Collection entries:
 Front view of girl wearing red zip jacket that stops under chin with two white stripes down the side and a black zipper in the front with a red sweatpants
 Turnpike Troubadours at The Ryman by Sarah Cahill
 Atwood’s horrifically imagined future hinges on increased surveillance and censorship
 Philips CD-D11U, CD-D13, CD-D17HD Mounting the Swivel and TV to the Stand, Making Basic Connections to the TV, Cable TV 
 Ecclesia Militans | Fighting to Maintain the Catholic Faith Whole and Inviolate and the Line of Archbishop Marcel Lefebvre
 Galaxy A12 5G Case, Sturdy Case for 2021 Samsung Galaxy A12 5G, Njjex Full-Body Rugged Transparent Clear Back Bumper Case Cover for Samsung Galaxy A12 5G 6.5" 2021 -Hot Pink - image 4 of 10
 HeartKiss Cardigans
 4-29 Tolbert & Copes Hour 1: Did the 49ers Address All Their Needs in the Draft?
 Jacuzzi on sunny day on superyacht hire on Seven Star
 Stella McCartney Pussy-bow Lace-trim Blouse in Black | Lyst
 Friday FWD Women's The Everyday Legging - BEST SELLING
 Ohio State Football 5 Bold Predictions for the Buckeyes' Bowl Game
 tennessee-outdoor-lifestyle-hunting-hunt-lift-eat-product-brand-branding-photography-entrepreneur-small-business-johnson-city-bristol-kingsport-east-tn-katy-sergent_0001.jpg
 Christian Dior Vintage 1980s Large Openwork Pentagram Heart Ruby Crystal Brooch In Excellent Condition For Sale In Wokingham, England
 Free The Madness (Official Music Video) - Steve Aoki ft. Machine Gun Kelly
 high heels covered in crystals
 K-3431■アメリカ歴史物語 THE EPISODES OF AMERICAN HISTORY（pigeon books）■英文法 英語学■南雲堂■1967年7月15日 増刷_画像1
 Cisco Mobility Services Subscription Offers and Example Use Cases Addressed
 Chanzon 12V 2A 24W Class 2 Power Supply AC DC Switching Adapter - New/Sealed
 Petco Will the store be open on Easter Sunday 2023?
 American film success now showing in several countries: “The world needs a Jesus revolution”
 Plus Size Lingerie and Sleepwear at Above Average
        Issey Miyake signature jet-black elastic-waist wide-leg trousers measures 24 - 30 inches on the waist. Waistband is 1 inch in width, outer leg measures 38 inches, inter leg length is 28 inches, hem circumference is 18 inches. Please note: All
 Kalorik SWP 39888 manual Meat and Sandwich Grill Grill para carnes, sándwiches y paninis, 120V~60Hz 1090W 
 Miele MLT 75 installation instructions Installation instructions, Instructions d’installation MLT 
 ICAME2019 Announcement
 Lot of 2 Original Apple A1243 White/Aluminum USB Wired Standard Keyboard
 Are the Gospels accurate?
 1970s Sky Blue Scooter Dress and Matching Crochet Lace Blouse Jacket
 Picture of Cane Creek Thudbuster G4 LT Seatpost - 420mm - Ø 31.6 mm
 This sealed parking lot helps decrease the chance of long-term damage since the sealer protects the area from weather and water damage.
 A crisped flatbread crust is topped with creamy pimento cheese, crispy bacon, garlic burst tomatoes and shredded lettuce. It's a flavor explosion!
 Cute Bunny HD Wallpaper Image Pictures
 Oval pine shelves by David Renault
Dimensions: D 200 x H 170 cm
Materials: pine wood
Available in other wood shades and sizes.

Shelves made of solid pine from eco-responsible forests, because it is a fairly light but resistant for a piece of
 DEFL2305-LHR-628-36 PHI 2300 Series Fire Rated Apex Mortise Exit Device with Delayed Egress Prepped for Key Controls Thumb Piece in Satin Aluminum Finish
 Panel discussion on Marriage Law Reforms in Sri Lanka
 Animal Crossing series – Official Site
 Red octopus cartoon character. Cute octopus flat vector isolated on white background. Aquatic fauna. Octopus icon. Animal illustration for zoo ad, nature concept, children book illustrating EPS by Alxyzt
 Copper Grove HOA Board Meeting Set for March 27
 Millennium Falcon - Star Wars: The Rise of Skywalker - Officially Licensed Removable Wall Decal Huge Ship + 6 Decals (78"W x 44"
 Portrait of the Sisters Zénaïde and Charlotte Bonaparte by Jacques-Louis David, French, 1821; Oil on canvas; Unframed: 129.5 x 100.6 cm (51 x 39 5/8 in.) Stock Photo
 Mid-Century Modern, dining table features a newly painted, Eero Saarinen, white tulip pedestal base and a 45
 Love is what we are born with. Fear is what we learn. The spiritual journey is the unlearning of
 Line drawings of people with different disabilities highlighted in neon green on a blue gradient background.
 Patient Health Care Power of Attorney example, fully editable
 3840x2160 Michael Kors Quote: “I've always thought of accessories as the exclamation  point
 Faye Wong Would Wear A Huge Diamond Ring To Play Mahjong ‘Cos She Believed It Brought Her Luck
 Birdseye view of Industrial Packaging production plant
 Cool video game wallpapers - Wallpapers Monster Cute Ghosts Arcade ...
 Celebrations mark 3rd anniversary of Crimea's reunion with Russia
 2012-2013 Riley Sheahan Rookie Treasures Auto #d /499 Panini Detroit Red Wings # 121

YOUR GOAL: Copy out the full set of records precisely, leaving nothing out.

RESPONSE TO THIS TASK:
 Front view of girl wearing red zip jacket that stops under chin with two white stripes down the side and a black zipper in the front with a red sweatpants
 Turnpike Troubadours at The Ryman by Sarah Cahill
 Atwood’s horrifically imagined future hinges on increased surveillance and censorship
 Philips CD-D11U, CD-D13, CD-D17HD Mounting the Swivel and TV to the Stand, Making Basic Connections to the TV, Cable TV 
 Ecclesia Militans | Fighting to Maintain the Catholic Faith Whole and Inviolate and the Line of Archbishop Marcel Lefebvre
 Galaxy A12 5G Case, Sturdy Case for 2021 Samsung Galaxy A12 5G, Njjex Full-Body Rugged Transparent Clear Back Bumper Case Cover for Samsung Galaxy A12 5G 6.5" 2021 -Hot Pink - image 4 of 10
 HeartKiss Cardigans
 4-29 Tolbert & Copes Hour 1: Did the 49ers Address All Their Needs in the Draft?
 Jacuzzi on sunny day on superyacht hire on Seven Star
 Stella McCartney Pussy-bow Lace-trim Blouse in Black | Lyst
 Friday FWD Women's The Everyday Legging - BEST SELLING
 Ohio State Football 5 Bold Predictions for the Buckeyes' Bowl Game
 tennessee-outdoor-lifestyle-hunting-hunt-lift-eat-product-brand-branding-photography-entrepreneur-small-business-johnson-city-bristol-kingsport-east-tn-katy-sergent_0001.jpg
 Christian Dior Vintage 1980s Large Openwork Pentagram Heart Ruby Crystal Brooch In Excellent Condition For Sale In Wokingham, England
 Free The Madness (Official Music Video) - Steve Aoki ft. Machine Gun Kelly
 high heels covered in crystals
 K-3431■アメリカ歴史物語 THE EPISODES OF AMERICAN HISTORY（pigeon books）■英文法 英語学■南雲堂■1967年7月15日 増刷_画像1
 Cisco Mobility Services Subscription Offers and Example Use Cases Addressed
 Chanzon 12V 2A 24W Class 2 Power Supply AC DC Switching Adapter - New/Sealed
 Petco Will the store be open on Easter Sunday 2023?
 American film success now showing in several countries: “The world needs a Jesus revolution”
 Plus Size Lingerie and Sleepwear at Above Average
        Issey Miyake signature jet-black elastic-waist wide-leg trousers measures 24 - 30 inches on the waist. Waistband is 1 inch in width, outer leg measures 38 inches, inter leg length is 28 inches, hem circumference is 18 inches. Please note: All
 Kalorik SWP 39888 manual Meat and Sandwich Grill Grill para carnes, sándwiches y paninis, 120V~60Hz 1090W 
 Miele MLT 75 installation instructions Installation instructions, Instructions d’installation MLT 
 ICAME2019 Announcement
 Lot of 2 Original Apple A1243 White/Aluminum USB Wired Standard Keyboard
 Are the Gospels accurate?
 1970s Sky Blue Scooter Dress and Matching Crochet Lace Blouse Jacket
 Picture of Cane Creek Thudbuster G4 LT Seatpost - 420mm - Ø 31.6 mm
 This sealed parking lot helps decrease the chance of long-term damage since the sealer protects the area from weather and water damage.
 A crisped flatbread crust is topped with creamy pimento cheese, crispy bacon, garlic burst tomatoes and shredded lettuce. It's a flavor explosion!
 Cute Bunny HD Wallpaper Image Pictures
 Oval pine shelves by David Renault
Dimensions: D 200 x H 170 cm
Materials: pine wood
Available in other wood shades and sizes.

Shelves made of solid pine from eco-responsible forests, because it is a fairly light but resistant for a piece of
 DEFL2305-LHR-628-36 PHI 2300 Series Fire Rated Apex Mortise Exit Device with Delayed Egress Prepped for Key Controls Thumb Piece in Satin Aluminum Finish
 Panel discussion on Marriage Law Reforms in Sri Lanka
 Animal Crossing series – Official Site
 Red octopus cartoon character. Cute octopus flat vector isolated on white background. Aquatic fauna. Octopus icon. Animal illustration for zoo ad, nature concept, children book illustrating EPS by Alxyzt
 Copper Grove HOA Board Meeting Set for March 27
 Millennium Falcon - Star Wars: The Rise of Skywalker - Officially Licensed Removable Wall Decal Huge Ship + 6 Decals (78"W x 44"
 Portrait of the Sisters Zénaïde and Charlotte Bonaparte by Jacques-Louis David, French, 1821; Oil on canvas; Unframed: 129.5 x 100.6 cm (51 x 39 5/8 in.) Stock Photo
 Mid-Century Modern, dining table features a newly painted, Eero Saarinen, white tulip pedestal base and a 45
 Love is what we are born with. Fear is what we learn. The spiritual journey is the unlearning of
 Line drawings of people with different disabilities highlighted in neon green on a blue gradient background.
 Patient Health Care Power of Attorney example, fully editable
 3840x2160 Michael Kors Quote: “I've always thought of accessories as the exclamation  point
 Faye Wong Would Wear A Huge Diamond Ring To Play Mahjong ‘Cos She Believed It Brought Her Luck
 Birdseye view of Industrial Packaging production plant
 Cool video game wallpapers - Wallpapers Monster Cute Ghosts Arcade ...
 Celebrations mark 3rd anniversary of Crimea's reunion with Russia
 2012-2013 Riley Sheahan Rookie Treasures Auto #d /499 Panini Detroit Red Wings # 121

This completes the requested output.